“Privacy, like other rights, is not absolute” (extract from judgment below)
Our courts have made it clear that posting derogatory or damaging comments about your employer or colleagues on social media can amount to misconduct and result in disciplinary action, perhaps even dismissal.
A recent High Court decision of Harvey v Niland and Others (5021/2015)  ZAECGHC 149, although it concerned a members’ dispute rather than a disciplinary action, highlights a particular danger in this regard: Your Social Media posts aren’t necessarily as private and hidden from your employer’s prying eyes as you think they are.
A hunter hunted – illegally
A fall out between the two members of a close corporation (the CC) resulted in the minority member, who was employed by the CC as a professional hunter and safari guide (let’s call him “the employee”), leaving the business for a rival venture.
The employee however remained a member of the CC, presumably to avoid breaching a restraint of trade clause in his employment contract. This turned out to be a crucial factor in his downfall, because as a member he still had a fiduciary duty to act honestly and in good faith in relation to the CC and to avoid conflicts of interest with it.
The other member, in hunting (online in this instance) for confirmation of his suspicions that the employee was trying to steal business from the CC, unlawfully accessed his private Facebook page. Posts on the page indeed proved that he had set up a hunting business in opposition with the CC, had actively sought to entice the CC’s clients to hunt with him, and had been disparaging of the CC and the other member.
The employer applied to court to interdict the employee/member from continuing with this clear breach of his fiduciary duties, and the Court had to decide whether or not to allow into evidence printouts of the illegally-obtained Facebook posts. Without them, it seems, the employer would have had no case, so unsurprisingly the employee’s legal team fought long and hard to have them struck out.
No place to hide – be careful what you post!
The Court however allowed the Facebook printouts into evidence and granted the interdict against the employee, holding that –
Accessing the employee’s Facebook account without his permission was indeed both –
- Unlawful, to the extent even of being a criminal offence in terms of the Electronic Communications and Transactions Act (which prohibits any unauthorised access to or interception of “any data” – in this case the CC had illegally accessed the Facebook page via another employee’s knowledge of the password); and
- A breach of the employee’s fundamental constitutional right not to have his right to privacy, including the privacy of his communications, infringed.
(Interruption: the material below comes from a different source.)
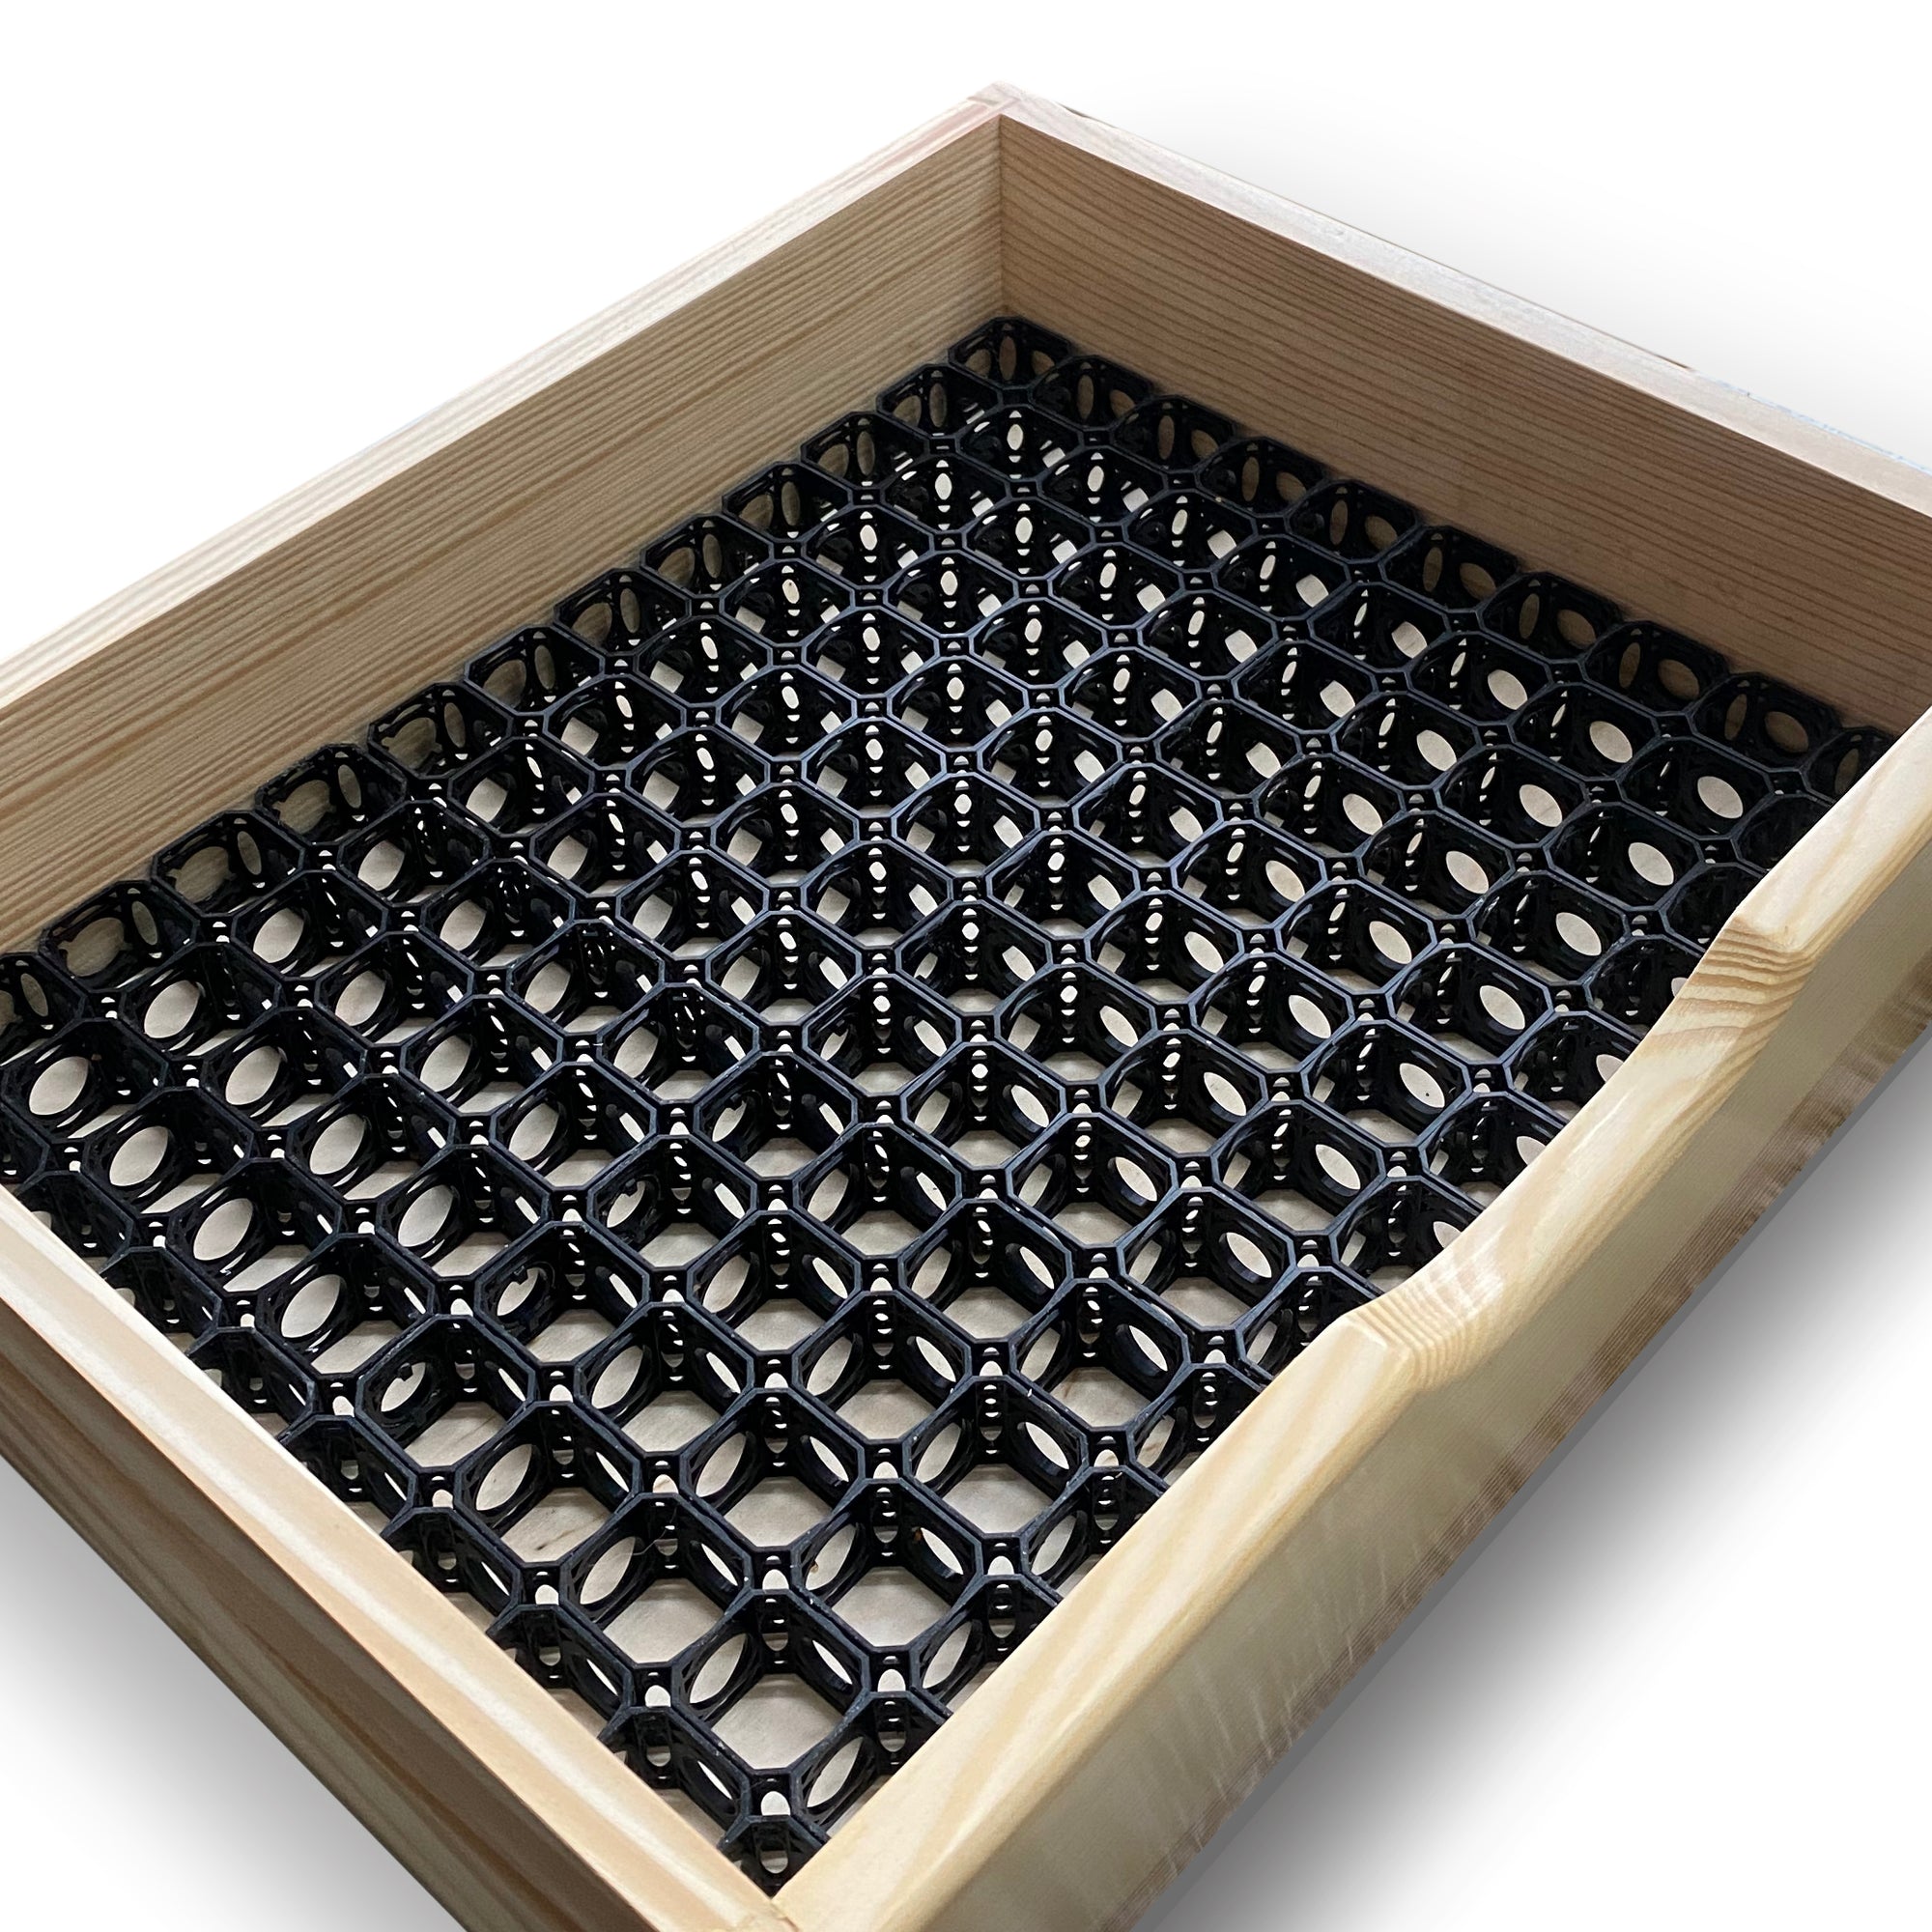 24mm Grid For Pine Storage Unit Drawer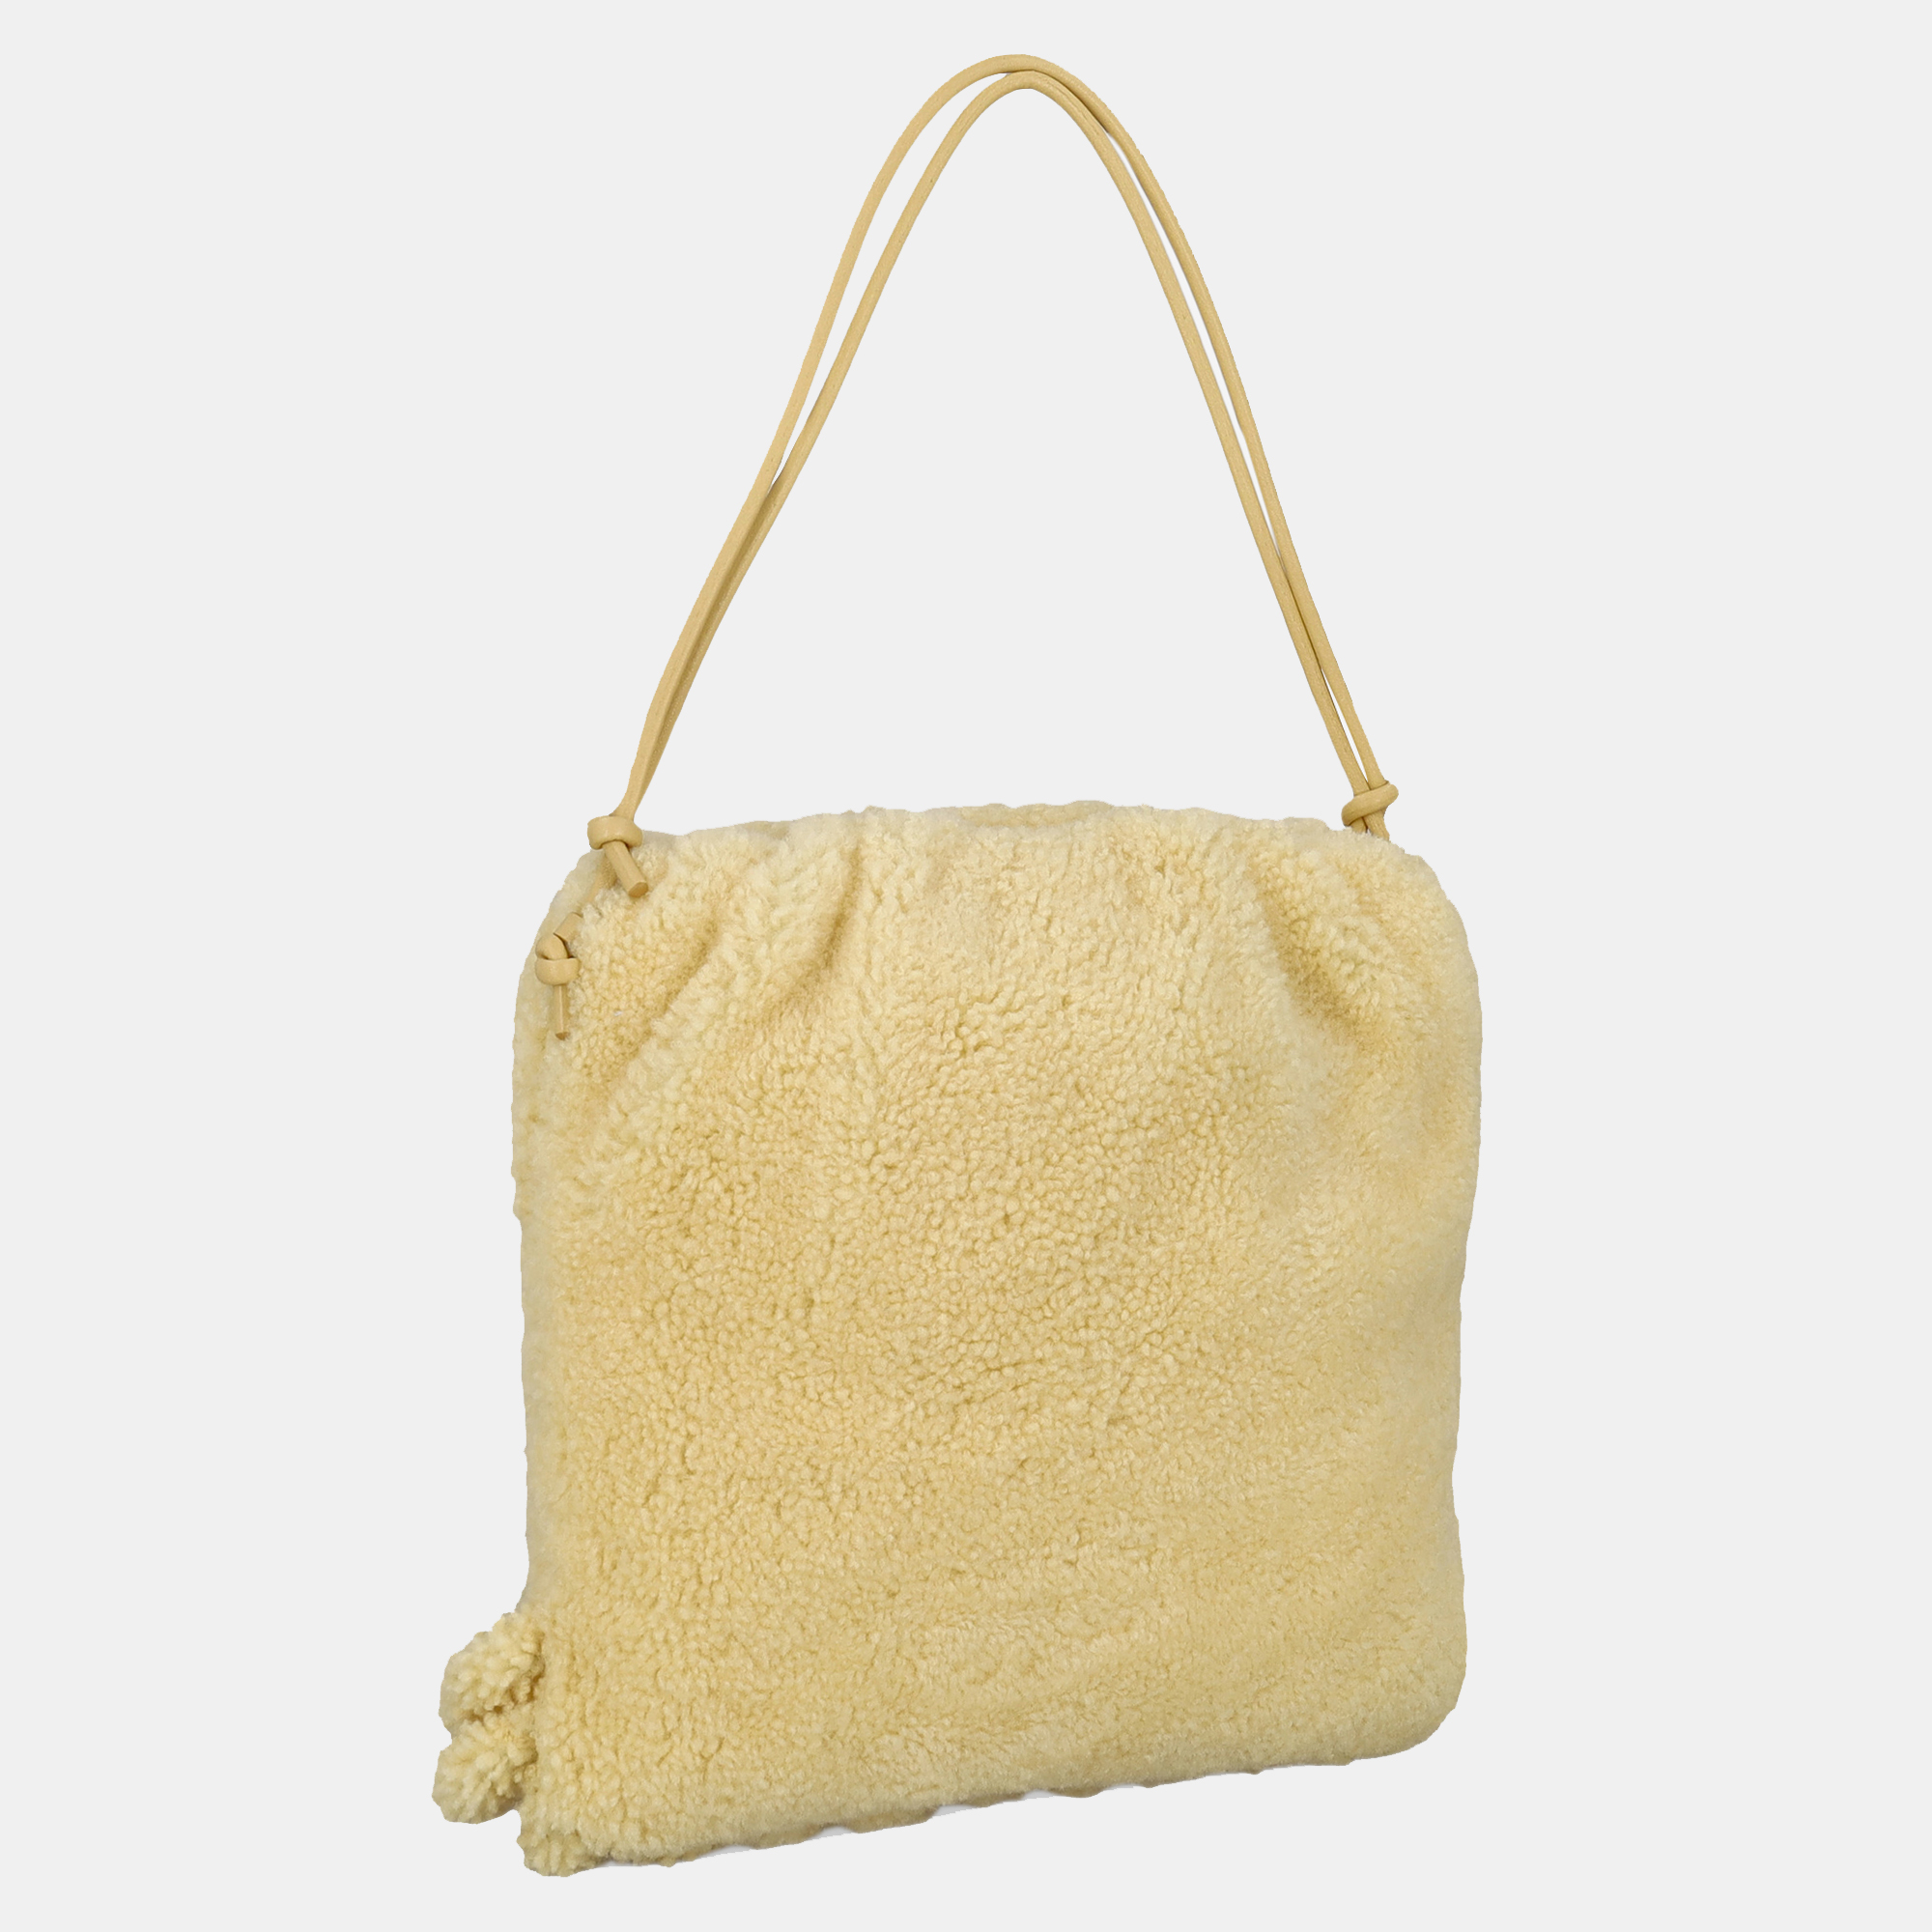 Bottega Veneta Women's Leather Shoulder Bag - Yellow - One Size

Critically however, unlawfully obtained evidence will not necessarily be excluded by a court. Instead, the court has a discretion whether or not to allow it after considering “all relevant factors” such as –
- The extent of the infringement of the other party’s rights,
- The nature and content of the evidence concerned,
- Whether any attempt was made to obtain the information lawfully,
- “The idea that ‘while the pursuit of truth and the exposure of all that tends to veil it is cardinal in working true justice, the courts cannot countenance and the Constitution does not permit unrestrained reliance on the philosophy that the end justifies the means”.
In this case the employee’s duplicity was “compounded by the fact that he had denied that he was acting in this way and had also undertaken not to do so”.
His conduct, said the Court, “ought to be exposed and ….. he ought not to be allowed to hide behind his expectation of privacy: it has only been invoked, it seems to me, because he had something to hide”.
The bottom line – our fundamental rights to privacy, as much in cyberspace as in the real world, are by no means absolute. Be careful what you post!
Employers: What about you?
This case is by no means carte blanche for hacking into your partners’ or employees’ Social Media pages. Quite the contrary; online hacking is unlawful with potentially serious consequences in the criminal, civil and labour courts. All it illustrates is that in certain specific circumstances, workplace wrongdoers will find nowhere to hide in our privacy laws. Have in place an employee Social Media policy and take full advice on your specific circumstances.